Samsung, Huawei Settle 2-Year Patent Dispute in US

Samsung, Huawei Settle 2-Year Patent Dispute in US

Samsung and Huawei have agreed to end their two-year long patent dispute

  • The dispute was over non-licensed use of wireless technology
  • Huawei filed lawsuits against Samsung back in 2016
  • Samsung was ordered by a court to pay Huawei $11.6 million in 2017

South Korea's Samsung Electronics and China's Huawei Technologies have agreed to settle their two-year patent battle over wireless technology in the US, court documents showed on Friday. Huawei, the world's biggest telecom equipment maker, had in 2016 brought suits against Samsung in San Francisco and China, claiming that the South Korean company used its cellular technology without a licence.

Samsung argued that it made significant concessions to Huawei to resolve the dispute amicably, but the two failed to agree on reasonable terms, Yonhap news agency reported.

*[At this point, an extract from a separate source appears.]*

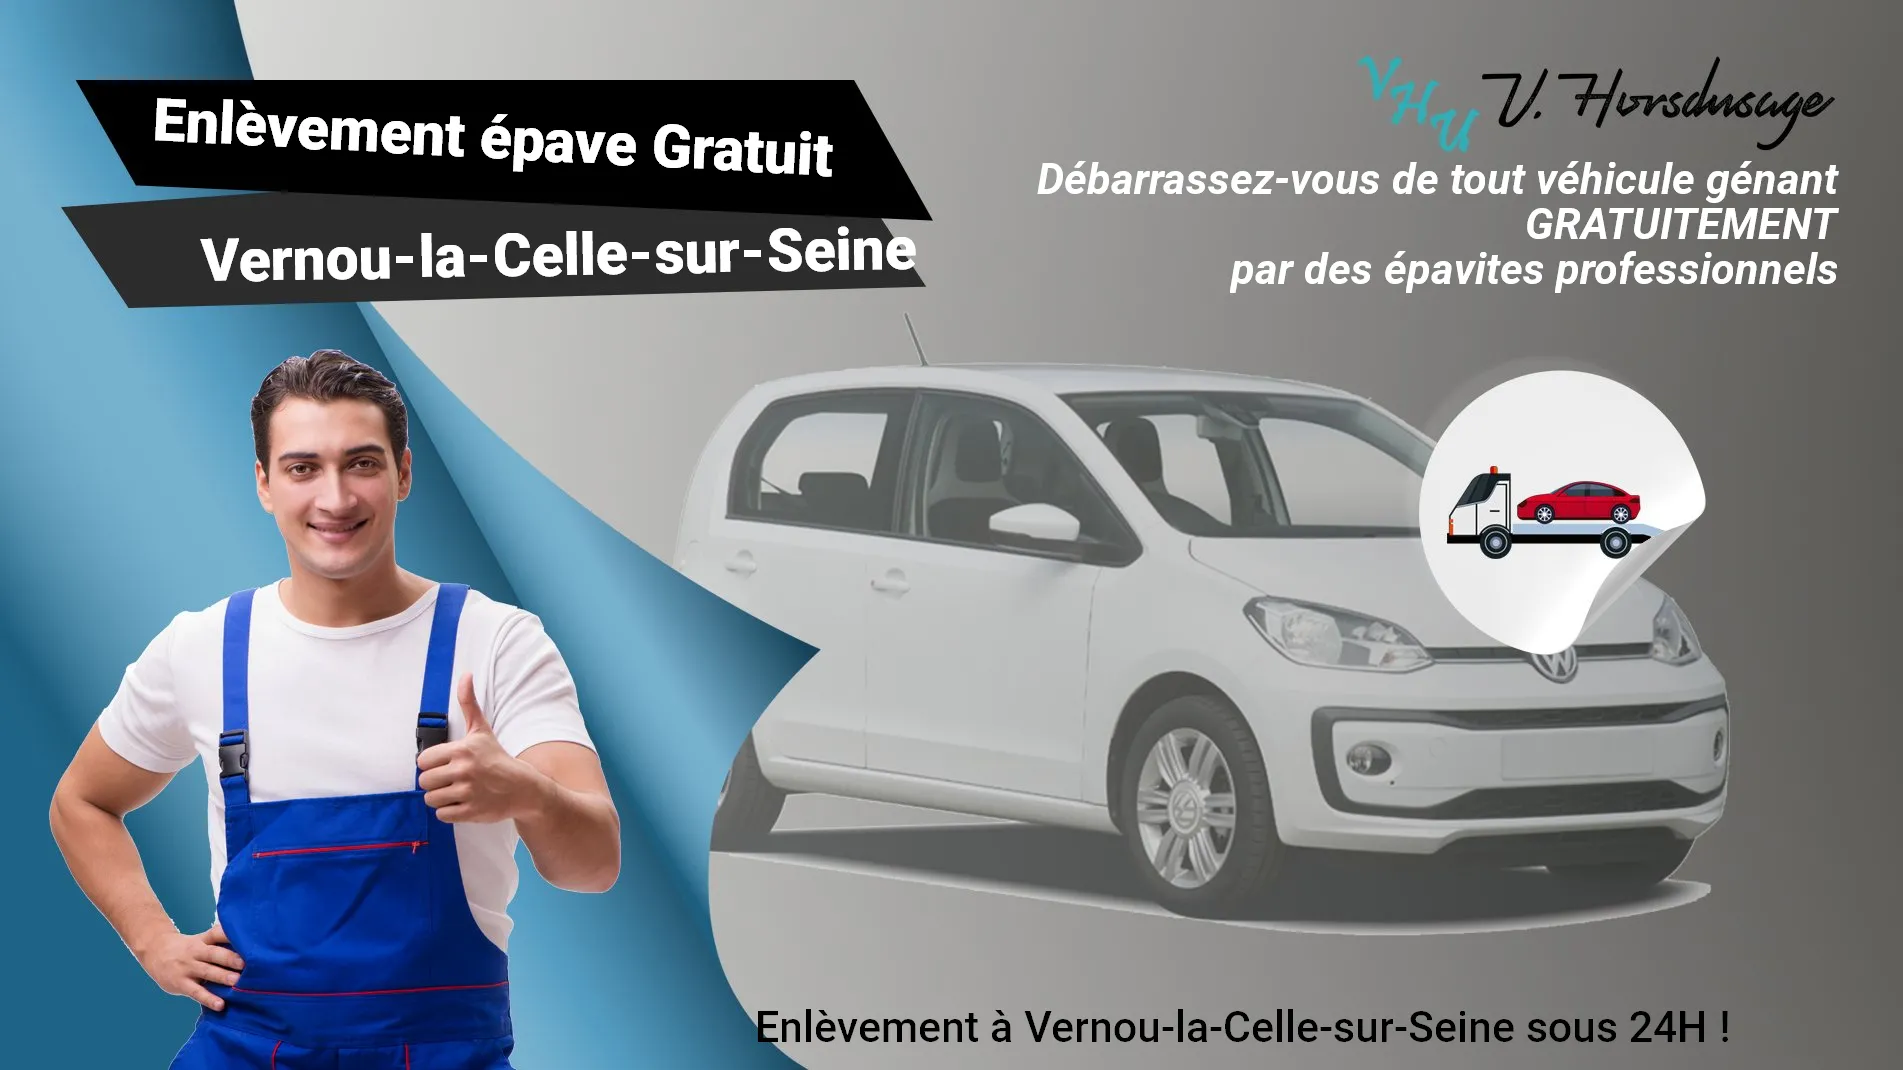 Pour un enlèvement gratuit à Vernou-la-Celle-sur-Seine, contactez nos épavistes agréé VHU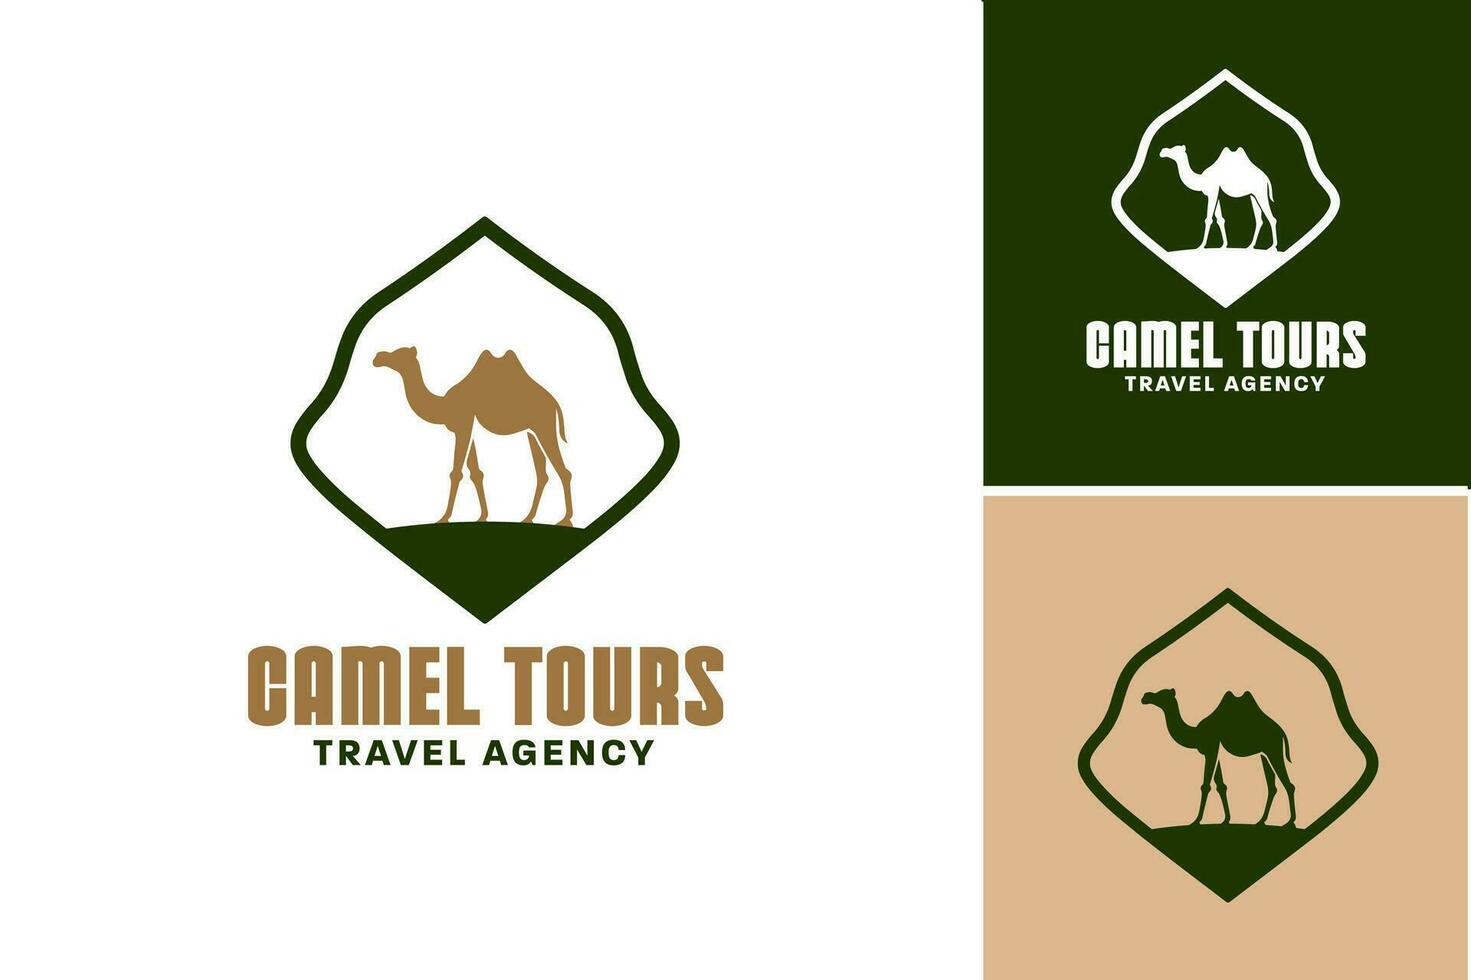 kamel turer logotyp design är en gripande och lockande design tillgång den där är perfekt för företag eller organisationer erbjudande kamel turer som del av deras tjänster. vektor

In 2017, a Chinese court ordered Samsung to pay Huawei $11.6 million (around Rs. 81 crores) for patent infringements.

In an electronic case filing issued by the US District Court for the Northern District of California on February 26, the world's two largest smartphone makers agreed to "complete the pending steps to finalise the settlement" within the next 30 days.

The intellectual property dispute that has pitted the two companies against each other illustrates the cut-throat competition underway in the wireless market.

On Thursday, Huawei sued the US government challenging a recent law that bans federal agencies from buying its products.

The Shenzhen-based tech firm refuted US claims that its technology poses a security threat and said the ban would ultimately harm American consumers.

The lawsuit, filed in a US District Court in Plano, Texas, challenges the constitutionality of Section 889 of the 2019 National Defence Authorization Act (NDAA), which was signed by President Donald Trump in August last year.

According to the complaint, the legislation not only bars all US government agencies from buying Huawei equipment and services but also bars them from contracting with or awarding grants or loans to third parties who buy Huawei equipment or services.